The 16S rRNA gene is a frequently used marker gene in the taxonomy analyses of bacteria. 16S rRNA genes from BGISEQ-500 genomes and HiSeq 2000 genomes were extremely close in the sequence similarity and there was no significant difference in gene length. In addition, the comparison with genome distance algorithms of ANI, AAI, Mash, and Tetra supported the high similarity between BGISEQ-500 assemblies and HiSeq 2000 assemblies. Furthermore, we calculated the numbers of SNV and functional genes, and the follow-up comparison showed that the use of the two platforms had no significant impact on the detection of mutation at the single nucleotide level and in the functional annotation of bacterial genomes. The BGISEQ-500 platform appeared to have higher efficiency in deletion calling, but lower in insertion calling. Culture-independent metagenomic studies have used cultivated bacterial genomes and metagenome-assembled genomes (MAGs) to build customized databases for metagenome classification and calculation of bacterial relative abundance by metagenomic reads mapping^23,24,25,26. To assess the metagenomic read classification performance, customized genomic databases of BGISEQ-500 genome assemblies and HiSeq 2000 genome assemblies were built and mapped against metagenomic sequencing data by Kraken2 and Bracken. Comparison of relative abundances and beta-diversity analyses showed that the distribution of genome assemblies from the two platforms was extremely consistent.

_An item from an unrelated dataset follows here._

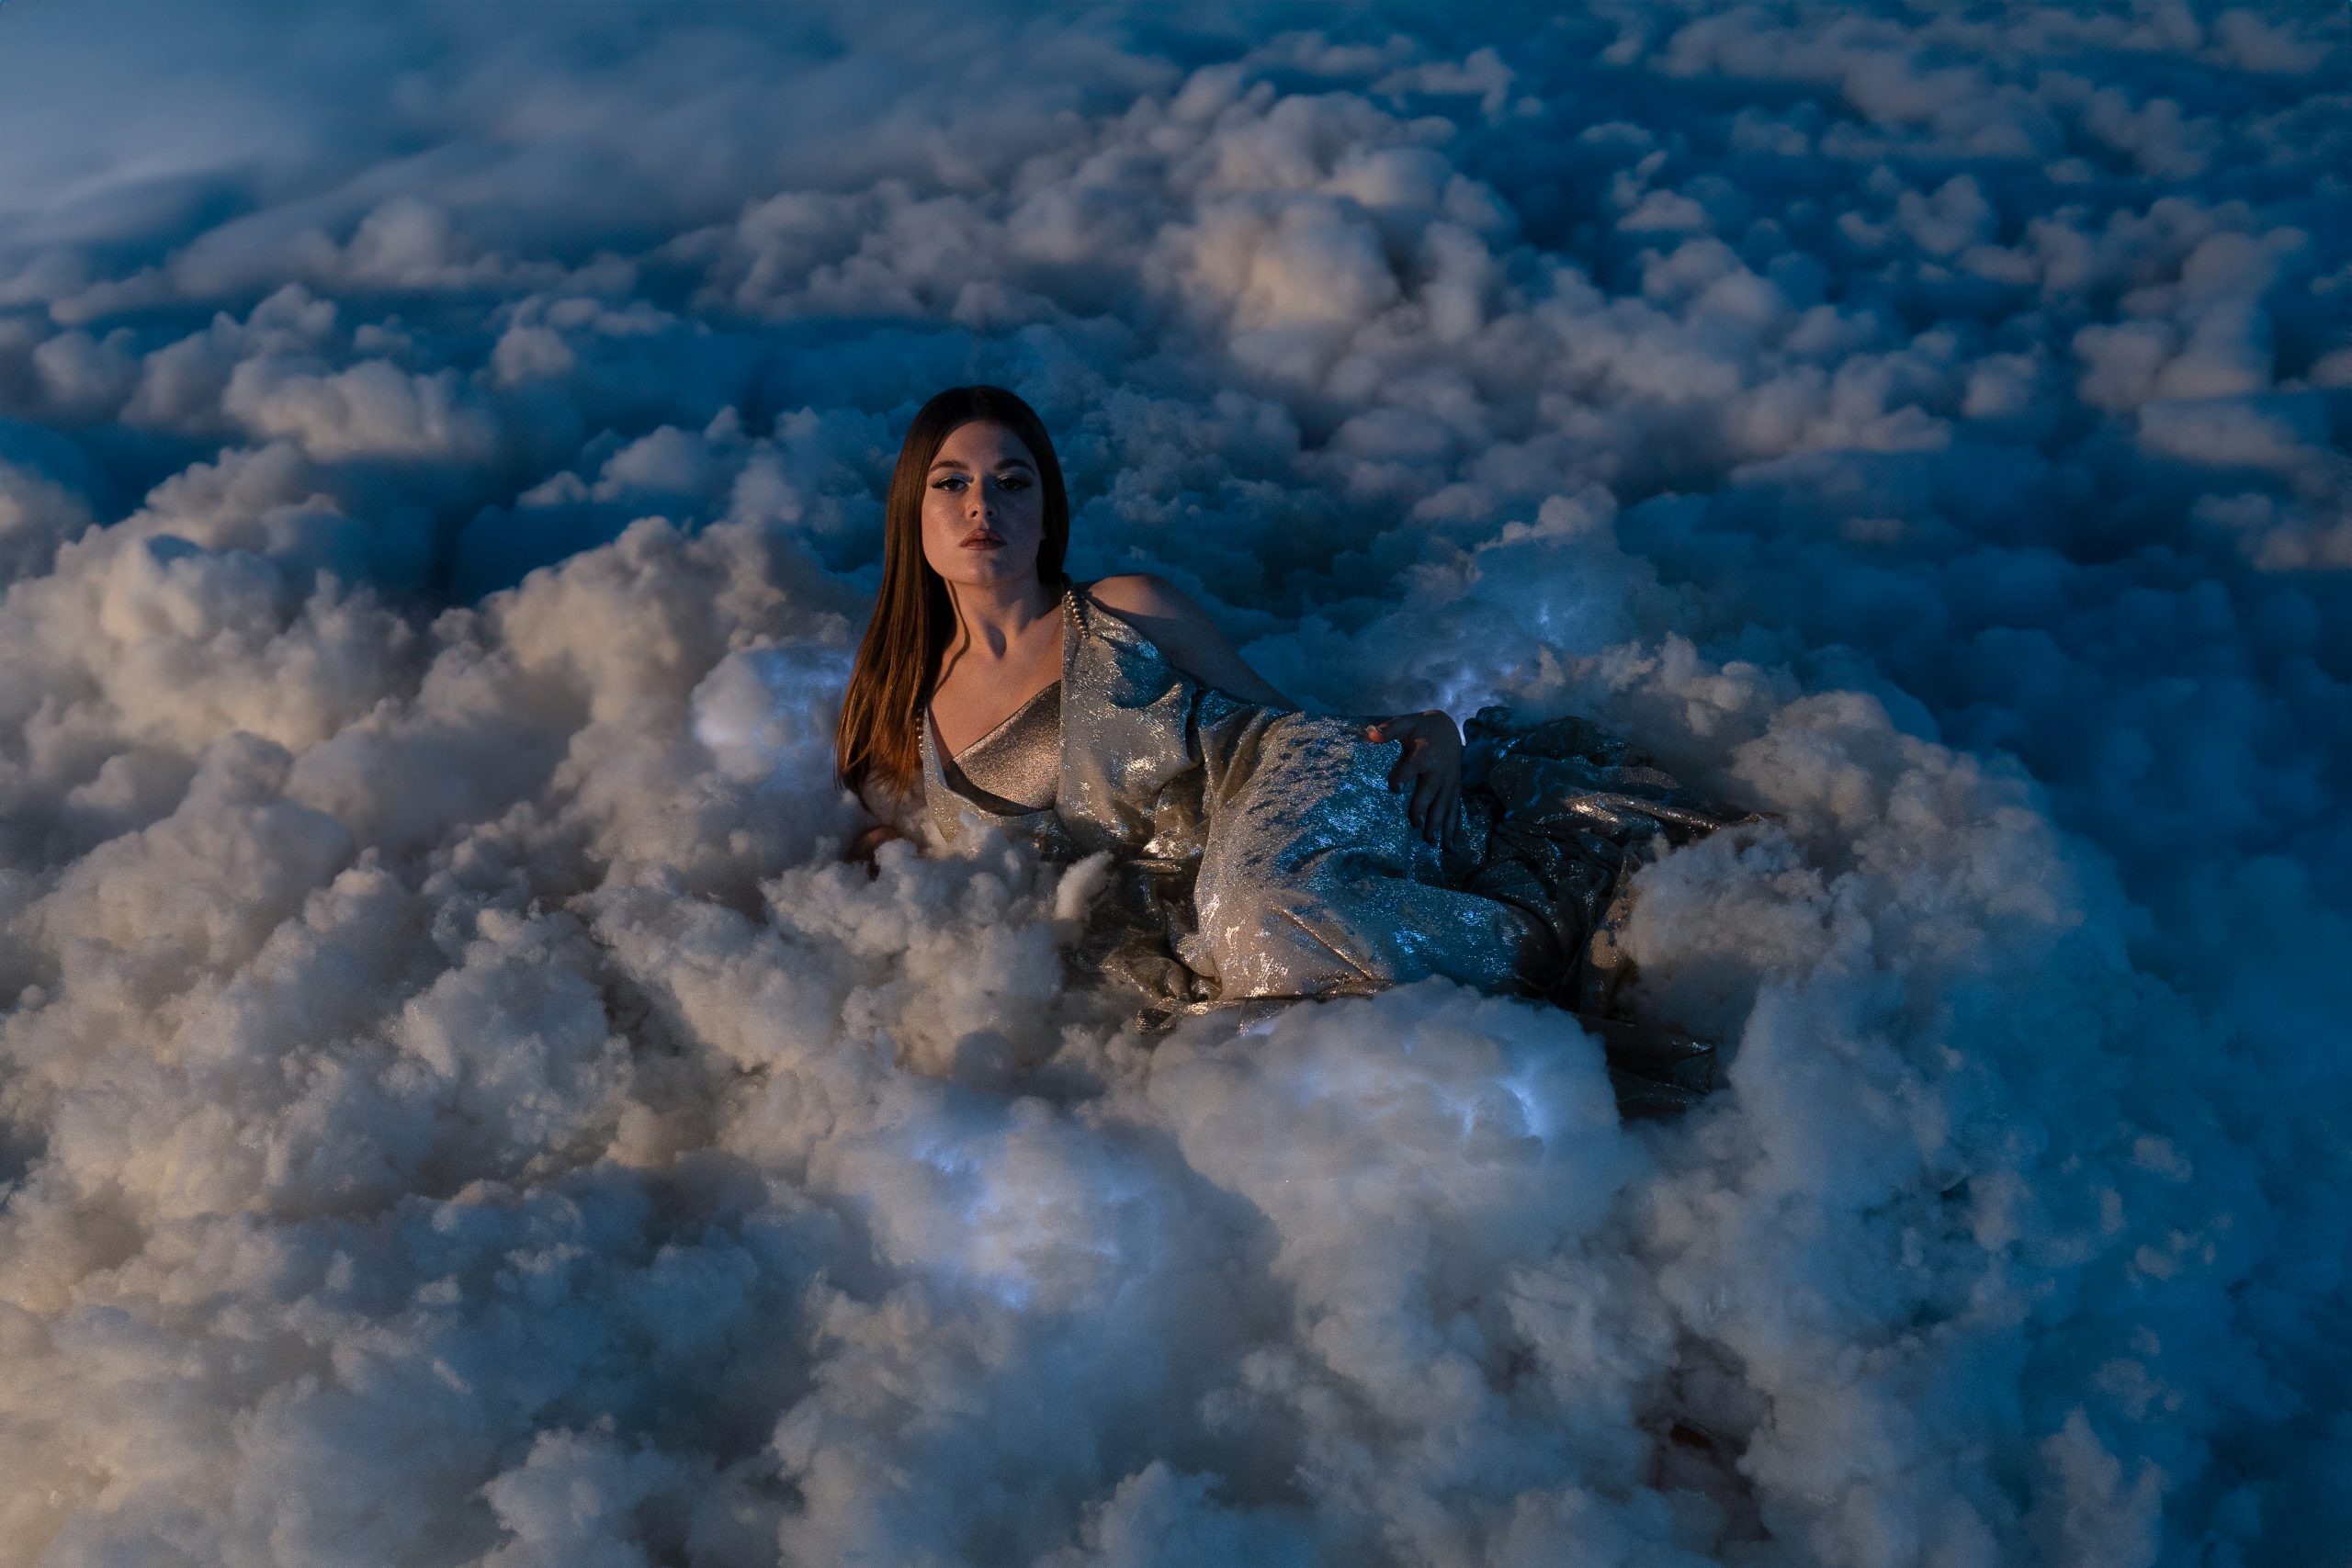 Novo otkriće na glazbenom nebu – Lu Dedić na Dori s pjesmom “Plavi leptir”

The Illumina platforms produce accurate sequencing data rapidly and have been widely used in genome sequencing of eukaryotes and prokaryotes, and metagenome sequencing. The DNBSEQ sequencer perform better in the comparison of sequencing error rates⁸. Compared with Illumina platforms, the DNBSEQ platform was shown to be applicable for metagenomic studies providing high accuracy and technical reproducibility¹⁹. In this work, we compared the assemblies of BGISEQ-500 sequencing reads and HiSeq 2000 sequencing reads by genome assembly assessment, sequence similarity analysis of 16S rRNA genes and genomes, mutation detection, and metagenomic reads mapping demonstrating excellent performance and applicability of the BGISEQ-500 platform for bacteria genome sequencing, as also demonstrated in our recent work²¹. Besides BGISEQ-500 and Illumina HiSeq 2000, more upgraded sequencers have been produced, including DNBSEQ-T20, Illumina NovaSeq and NextSeq 1000/2000, more comparison (cost, index hopping) should be conducted on these newer platforms.

Methods

Genome sequencing, assembling, and quality assessment

Whole-genome sequencing was performed using BGISEQ-500 and HiSeq 2000 as described previously¹⁹. SOAPdenovo (v2.04)²⁹ was used for de novo assembly of sequencing reads. CheckM (v1.0.13)³⁰ was used to evaluate the completeness and contamination of genomes. QUAST (v5.0.2)³¹ was used to assess the quality of genome assemblies and conduct paired comparison with parameters ‘-f’ and ‘-r’. Unconstrained principal coordinates analysis (PCoA) based on Jaccard dissimilarity of all features in the result of QUAST was conducted using the R function ‘vegdist’ and ‘pcoa’.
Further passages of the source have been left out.